:: Data extract ::
*****
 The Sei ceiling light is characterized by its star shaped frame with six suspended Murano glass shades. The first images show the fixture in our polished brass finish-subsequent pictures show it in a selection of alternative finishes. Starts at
*****
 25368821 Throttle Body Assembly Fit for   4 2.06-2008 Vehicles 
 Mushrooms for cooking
*****
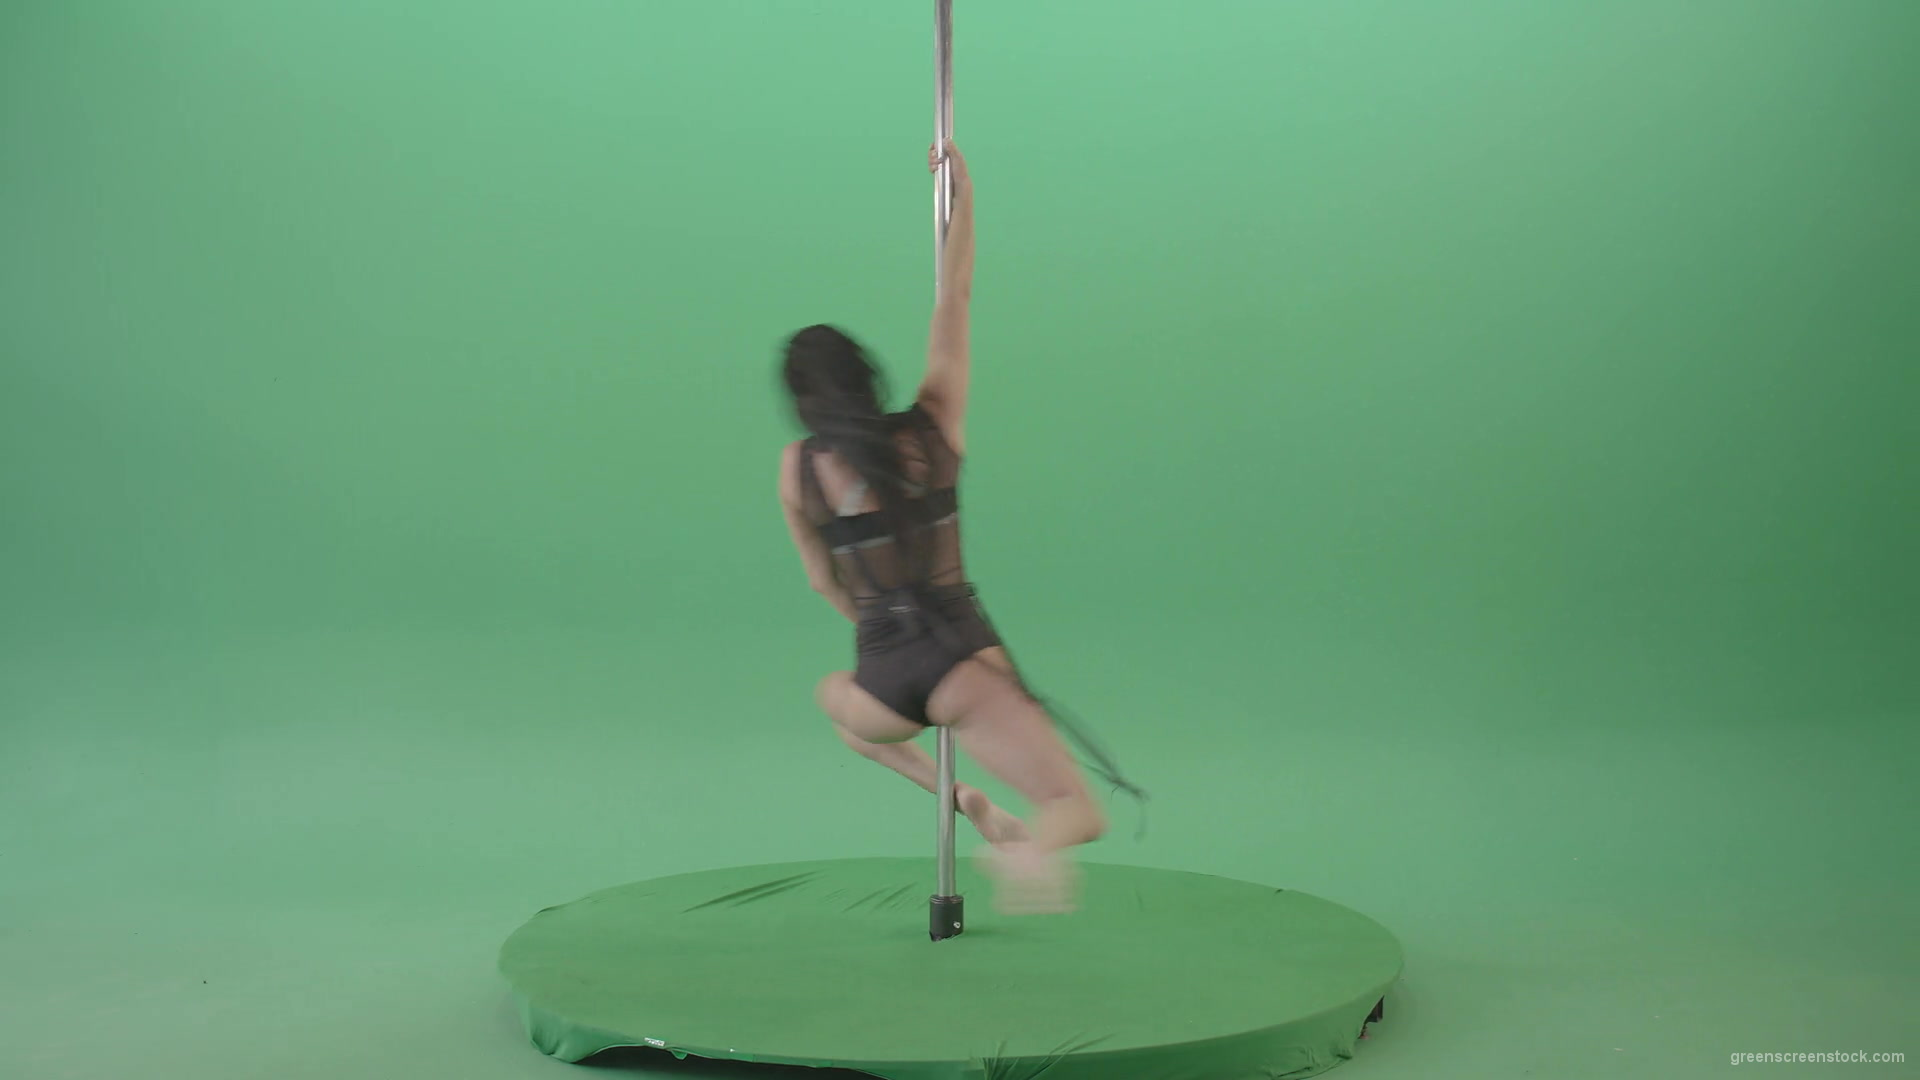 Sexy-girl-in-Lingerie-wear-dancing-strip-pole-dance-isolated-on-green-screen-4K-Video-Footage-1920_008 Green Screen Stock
*****
Please output the lines of the listing above that fall in the stretch from the one with "25368821 Throttle Body" through the one with "Mushrooms for cooking", exactly and only those.

:: Your solution ::
 25368821 Throttle Body Assembly Fit for   4 2.06-2008 Vehicles 
 Mushrooms for cooking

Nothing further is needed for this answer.